Write to me often and I will fill my letters with the sweetest of nothings if you will. Love and adieu and think of me as your devoted friend,

Ellen.

From the Baroness Von Eulaw to Mrs. Perces Thornton.

Berlin, May 10, 1893.

Dearest Mother: “Let fate do her worst, there are moments of joy,” and such moments I owe to my fondness for music. What would have been all these dreary weeks and months of shallow acting, if the depths of my soul had not been stirred by the genius of that creative force which, mocking at our own crude disguises, rehabilitates pain with the fair seeming of pleasure, which relegates near sorrows to the realms of tradition, and illusionises common care?

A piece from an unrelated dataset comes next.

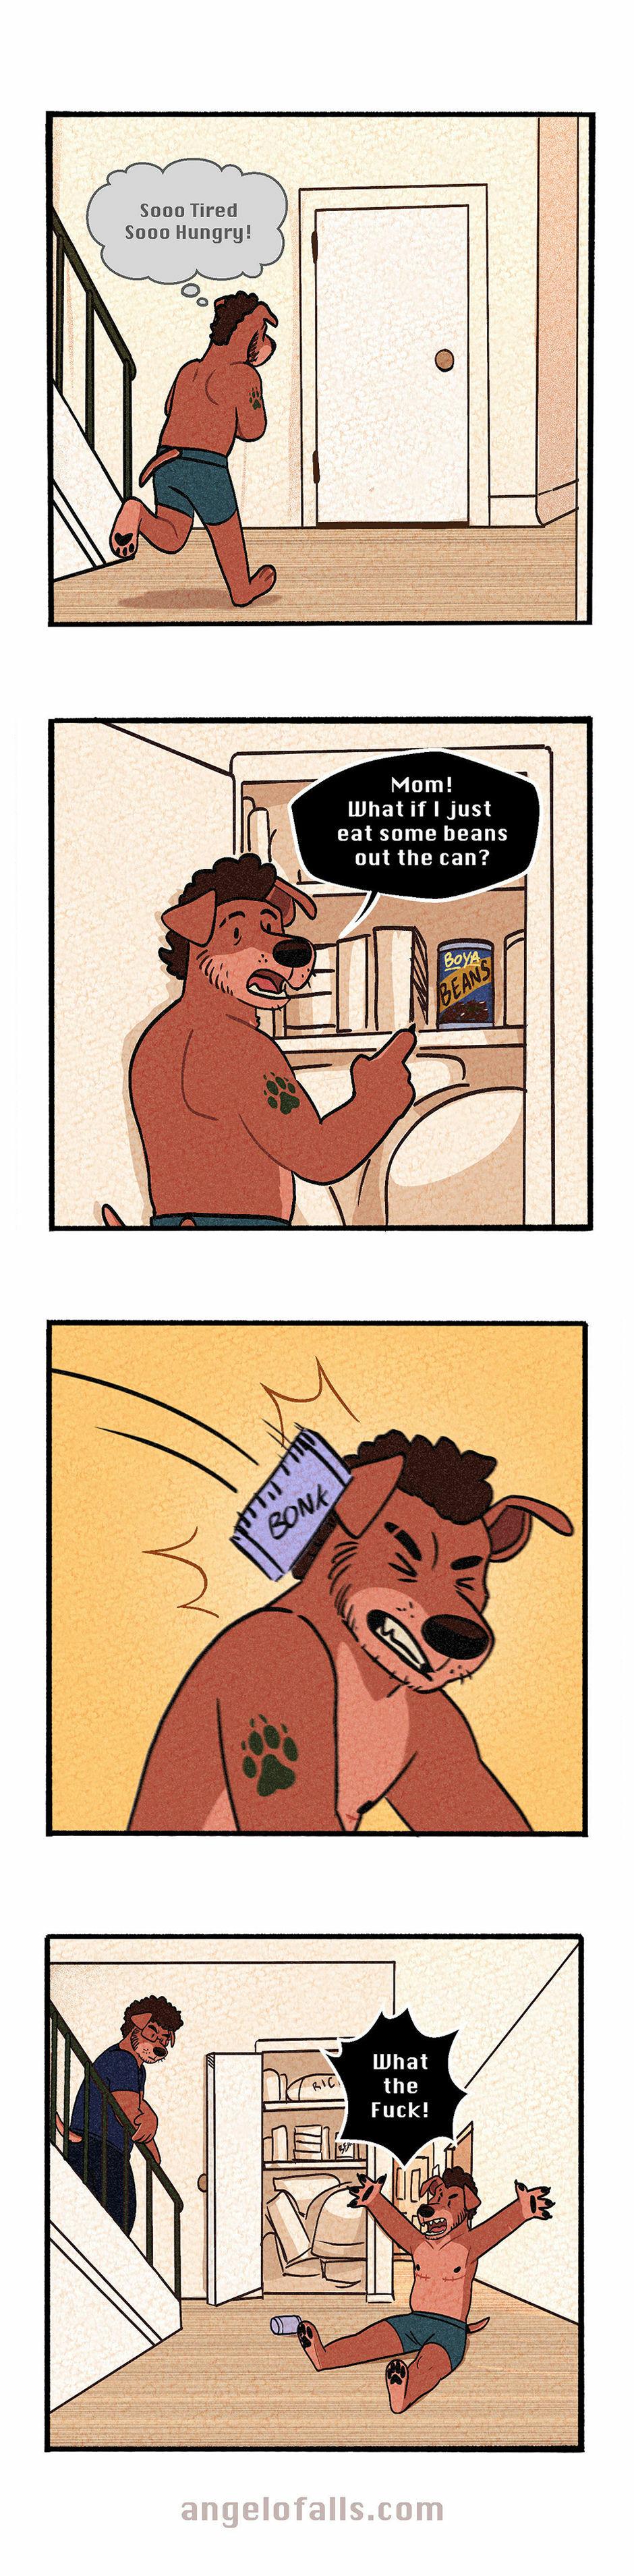 Beans (comic)

Art, in any form, I conceive to be the benefactor of the human race. If truth, shorn of its infinitude of possibilities, constitutes the religion of the civilized world, if the deus et machina, as Æschylus somewhere has it, unlyrical and unleavened by beauty of device, by rhetoric or action and climax, be persuasive and instructive and inspiring, then how ineffably shall truth have gained by the development of its powers through visible forms of dramatic conceit, through association with the elements of art, through characterization, through skillful adaptation, through harmonized mediæ of appeal to the sense or the sentiment, the sympathies or the imagination?

I am reminded here of an incident which occurred in our box at the Grand Opera House, during a late performance of Die Meistersinger, which resulted—as is not unusual in these days—unpleasantly. My husband, as you may remember, affects music solely for the paraphernalia of the stage, for the glitter and show of boxes and stalls, for the exposed shoulders of the diamonded dames of fashion, for the numbers of men with eyeglasses and uniforms—anything, in fact, but the music, which rather bores him.

Therefore it is I apprehend that he discusses music so incomprehensibly—to say the least—I would not say irrationally. Somewhere during the development of the plot I was struck with the similarity of the dramatic motive with that of the Greek tragedies, especially the choral odes, where occurs the element of transition which some scholars call the evolutionary or perhaps the re-incarnating period of the ancient drama. This similarity—in some ways identical—I inadvertently alluded to in a more or less critical review of the opera and its construction, which I ventured between acts, in the presence of a party of Americans who were our guests for the occasion.

Suddenly as thought, the baron’s face was aflame. But “what it were unwise to do ’twere weaker to regret,” and I prepared to defend my position as best became me. “You call my divine countryman a plagiarist,” he hissed between his teeth. Our male guest glowered, and the ladies with heightened color looked at the orchestra.

“I beg your pardon, sir,” said I, with an assumed smile, “I did not say so, though I admit that my suggestion was unfortunate in its inference.”